In other words, China and Europe will continue to eat our lunch.
irrelevant. even if there was no credit, in the long run all the assets would consolidate at the hands of more successful competitors. that is even assuming they started off equally, which is never the case.
read the post i linked down in the grandparent.
Read radical news here
> Forgoing Google and Amazon is just
> inconvenient; forgoing Facebook or Twitter
> means giving up whole categories of activity.
I don't use facebook or twitter, but use google on a daily basis & amazon on a weekly basis.
Anyone that claims to not be able to live without twitter/facebook is not someone I wanna hang out with regularly. Or read what they have to say about tech :P
The term "free market" is used to mean "competitive market" and is also used to mean "un-regulated market", despite the fact that few markets are both competitive and un-regulated. When someone uses the term "free market" with out clarifying which they mean, they are either confused, or they are trying to confuse you.
Maybe you should look up the East India Company.
Search is currently no better than it was 10, 15, 20 years ago.
20 years ago?
Really?
--
BMO
Yes. 20 years ago I could very easily search all existing web sites. :-)
The Tao of math: The numbers you can count are not the real numbers.
3. I don't care if ANYBODY thinks gov't regulations is a 'good thing'. Gov't is terrible from my perspective for every single one thing completely and fully.
So, children should still be working underground until they die from exposure to their working conditions? Workers should be born into debt to the company hospital? Slavery should still exist if it's economically viable?
Really, no one takes you seriously except for yourself.

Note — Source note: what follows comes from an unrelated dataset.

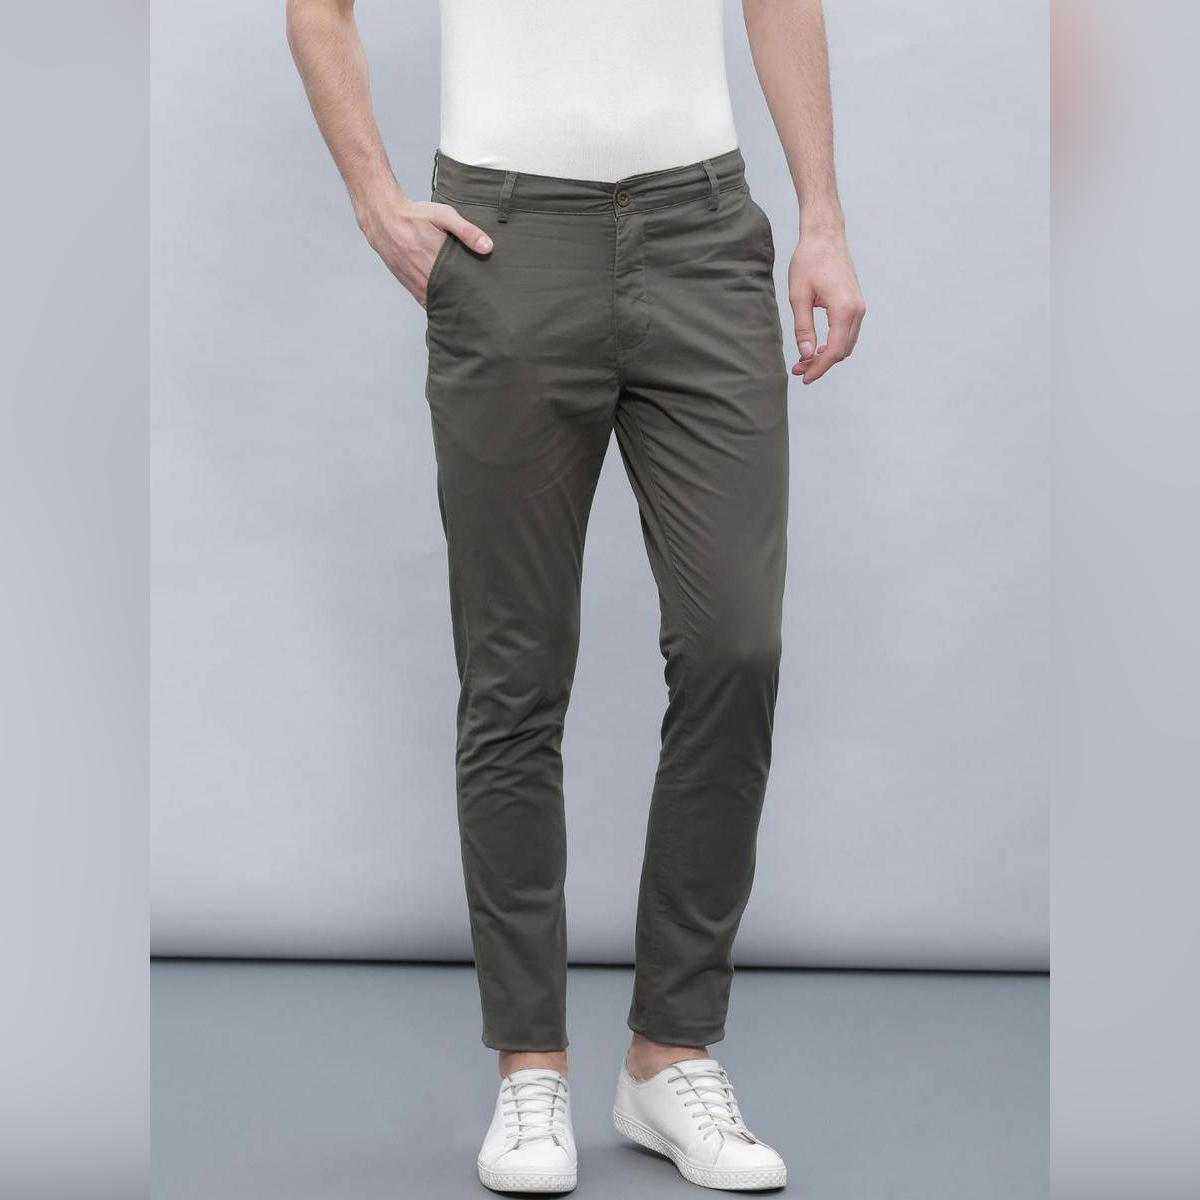 Slimfit Grey Stretchable Cotton Chinos

The political innovation that made markets work so well is to counterbalance them with democracy, where the guiding principle is "one person one vote" (i.e. votes can't be traded away - the opposite of markets).
Mass media broke this. The parent companies of five movie studios control U.S. television news, which in turn controls the general public's awareness of issues and of candidates. Notice that TV news hasn't covered ACTA or other issues where the public could stand to gain at the expense of the MPAA or vice versa.
Governments are associated with monopolies when market forces overcome democratic forces within the government.
This has in fact happened. U.S. voters by and large do what the TV tells them.
Only on slashdot would such economic bullshit (and the socioeconomic bullshit referenced within) get modded +5 insightful and repeated ad-nauseum. Free markets do NOT tend towards monopolies eventually. The vast majority of markets are not monopolies and are in no danger of becoming so, regardless of government intervention or regulation. The evidence on this is so overwhelming I wouldn't know where to begin. In fact, there are so few examples of natural/existing monopolies (where the efficient scale of production exceeds the size of the market) that we tend to use the same examples over and over in classrooms and textbooks (public utilities).
The internet and information goods have some interesting characteristics (e.g. network effects) that tend to encourage consolidation, but even in this area, changing technology and consumer preferences tend to overthrow dominant firms (e.g. Microsoft).
And yes, I'm an economist.
Imposing Libertarian views on everyone online since 1992.